Proteome alteration under climate change environment: Recently, the global population is facing challenging problems caused by global warming and climate change, which have a great impact on rice yield and quality. Further studies are needed to determine the consequences of climate change, e.g., high/low temperatures, carbon dioxide levels, drought stress, etc., on starch biosynthesis mechanism and regulation by using proteomic analysis.

The number and new types of PTMs in rice seeds: Although five types of PTMs were identified from rice seeds, whether there are other PTMs in rice seed has not been fully addressed. For the number of PTMs sites, Khib showed the highest number of targeted starch biosynthesis proteins (17 proteins), while the lowest number was observed in succinylation (2 proteins). Whether more PTMs would be found under the specific genotype or under the specific abiotic conditions such as heat stress, high carbon dioxide levels, etc., is unknown.

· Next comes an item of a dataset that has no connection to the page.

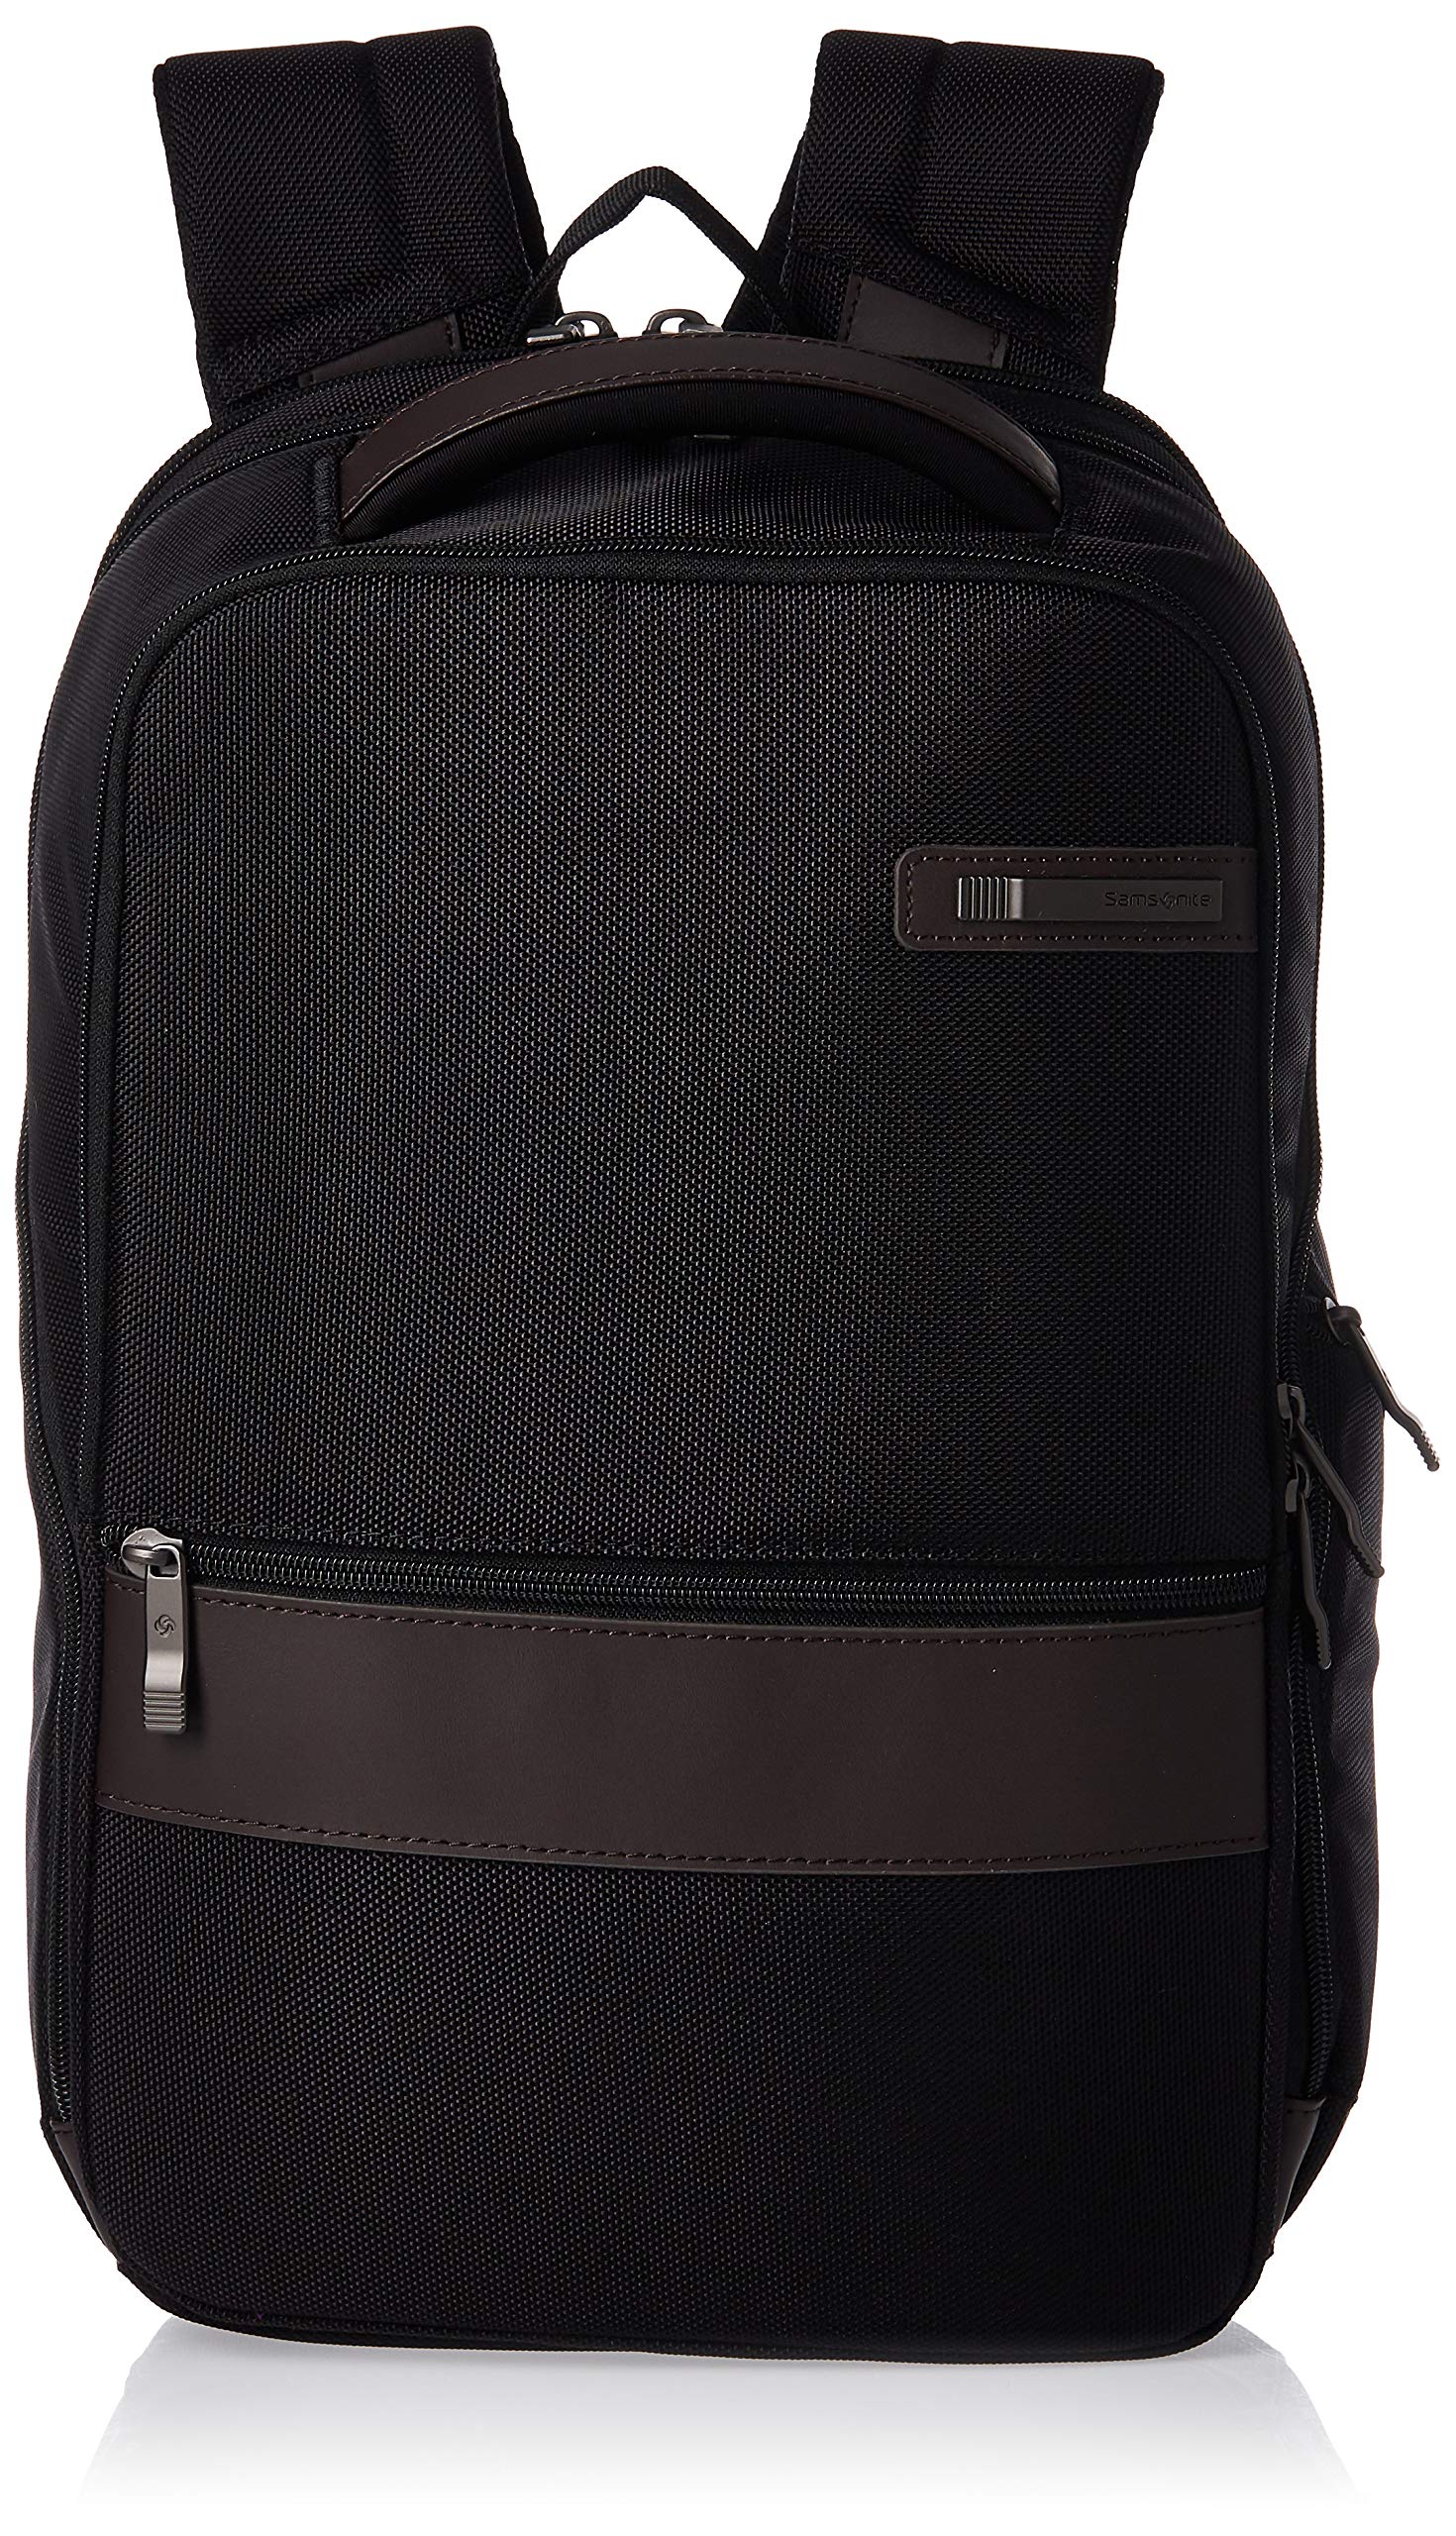 Samsonite Kombi Business Backpack, Black/Brown, 16.25 x 10.5 x 5-Inch

The roles and regulation mechanisms of PTMs on starch biosynthesis: Little is known about the roles of individual PTM on the starch biosynthesis proteins and the impact of PTMs on enzymes’ activities, protein–protein interaction (protein complex formation), and starch functionality. The phosphorylation is well reported in protein complex formation during the starch biosynthesis process in the endosperm of cereal crops. In-depth regulatory studies on protein–protein interactions are necessary to understand the role of protein complex formation in starch biosynthesis in different crops.